10. Offer a ride home. ( if this happend I would not let her drive home, I woild give her a ride no matter what so ik she is safe because I will be too worried)

And question!! Im not sure if I turn her on her side during the seizure of after the seizure. Ive heard mixed reviews there. So if someone could answer that would be great!

WOW - I think you might know more and have done more research about it than my family has!

Really the only thing that I wouldn't do, if she is just having a partial seizure (the ones where you don't shake) are try to move them. My family tries to make sure I stay where I am when I have a seizure so I don't get up and move around because I like to do that sometimes.
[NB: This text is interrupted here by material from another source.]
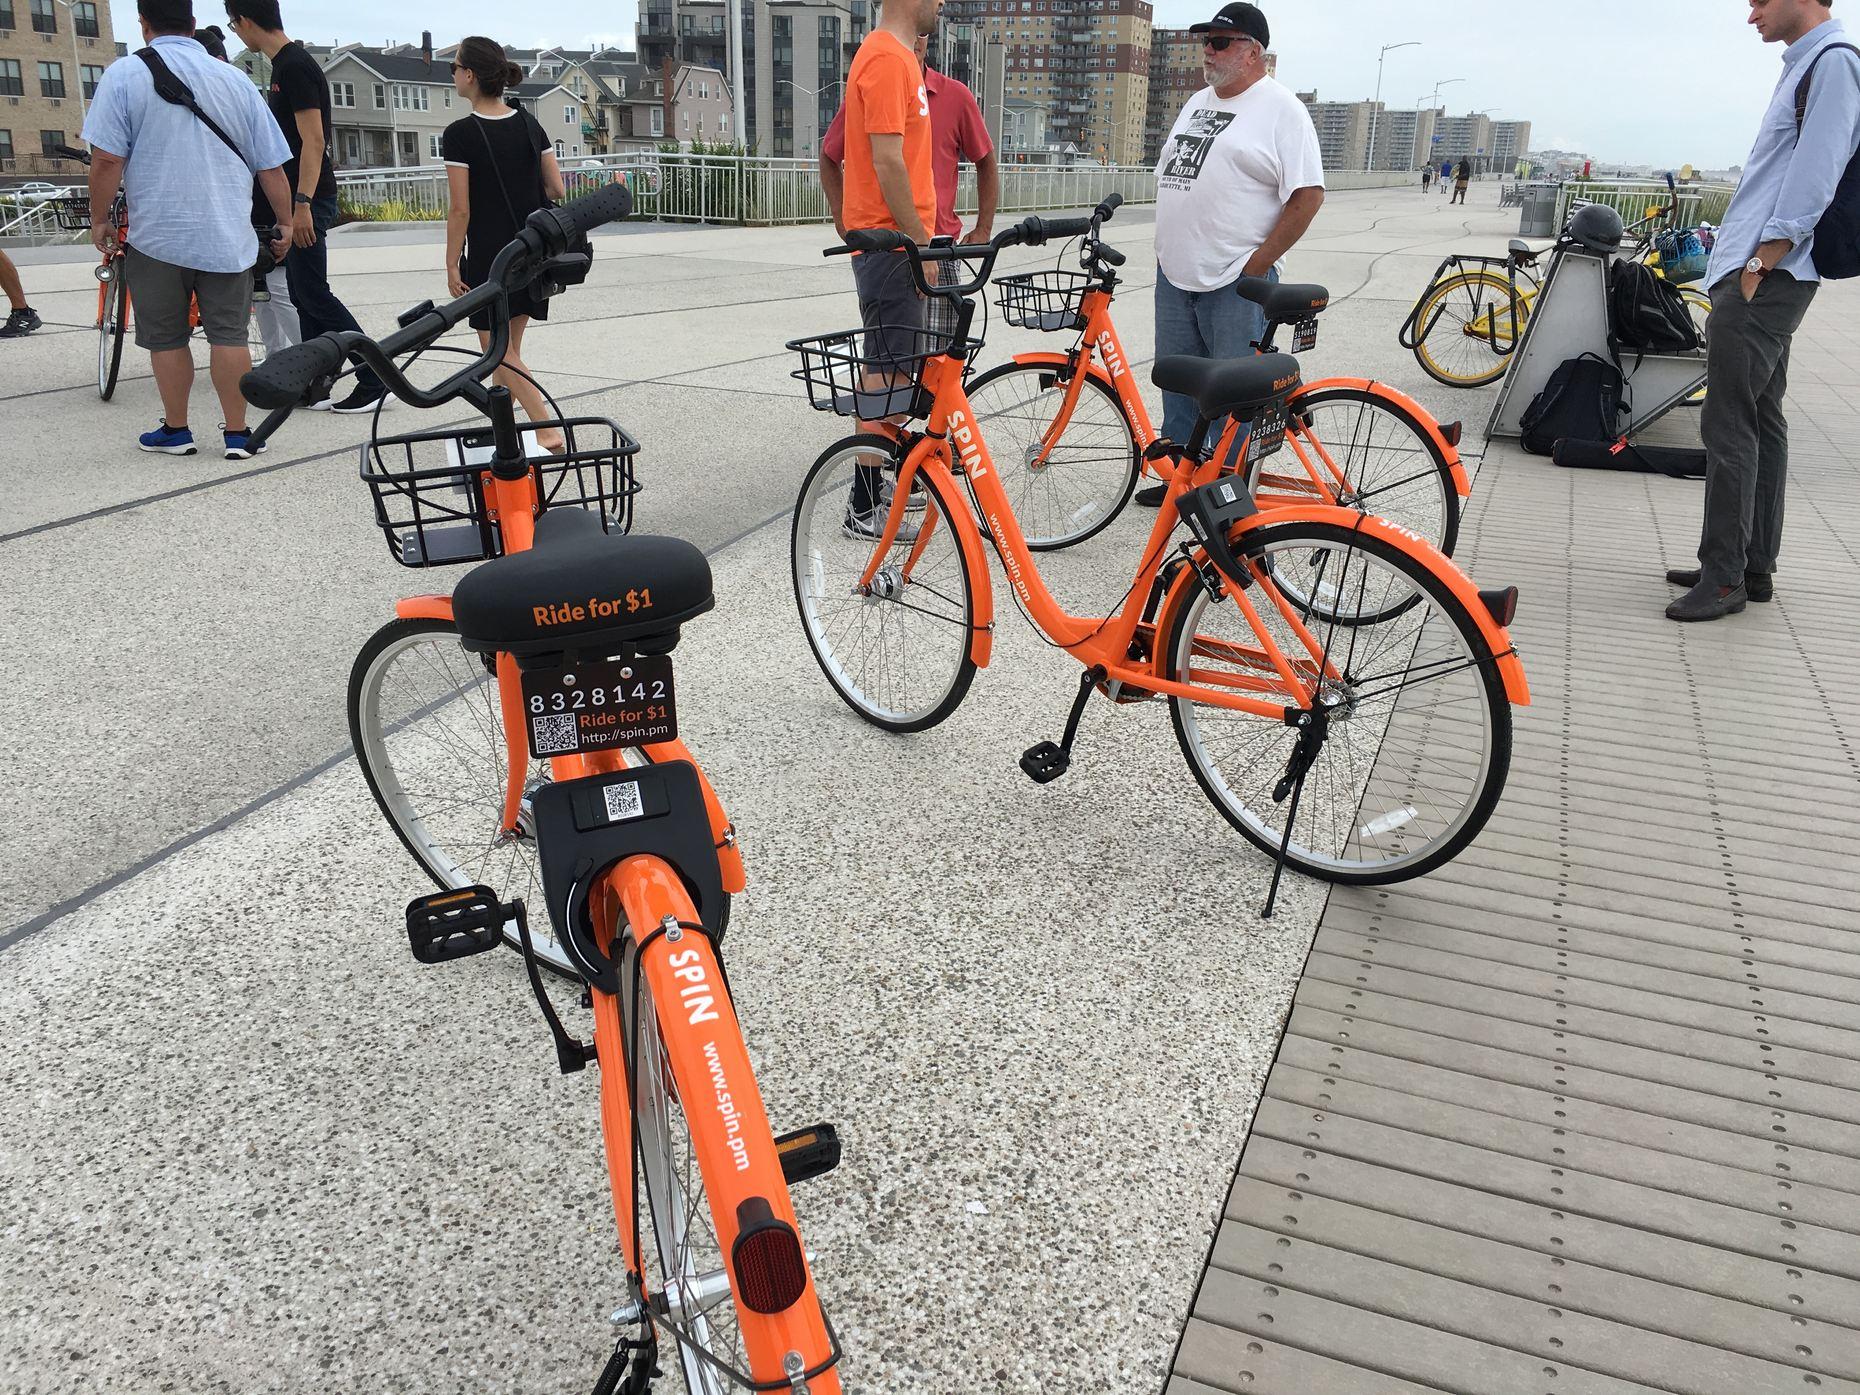 Bike Share Start Up Scraps Plans For Rockaways Pilot Wnyc News Wnyc

They actually have a hard time keeping me in one place at times actually. Now if she were having a Tonic clonic (when you shake) you may want to have her lay down so she doesn't fall if she were sitting on a chair.

I don't think anyone has ever taken any jewelry off, but I really don't wear any but a short necklace. If I did start to play with it then I'm sure they'd do something with it. I usually wear contacts but they may let me keep my glasses off if I started doing things with them too.

I think a good bit of these things deal more with having a tonic clonic than a partial. Like putting them on their side, placing something under their head and removing anything that makes it hard for them to breath (however I would do that if it they were having hard breathing during any type of seizure)

Just remember that they person may seem ok but they still aren't out of the seizure so don't be afraid if they are talking and doing things normal again but really don't know what's going on.

One way that you can usually be certain that someone is out of the seizure is when they can answer questions like who they are, who you are, what is their birthday, where they are, maybe their phone number and simple things like that. When they can answer these things easily and not have a hard time thinking about it then they are usually ok.

When I tried to answer the questions my husband asked me once I kept calling him by the cat's name. It took me a while to actually figure out who he really was. When I find out some of the things that I've done during and coming out of a seizure I'll get a good laugh about it. I don't know if everyone can be like that or not.
 
Alright great! Thank you for feedback! I wanna make sure im prepared and everything! Just for emergency! For anyone that is too!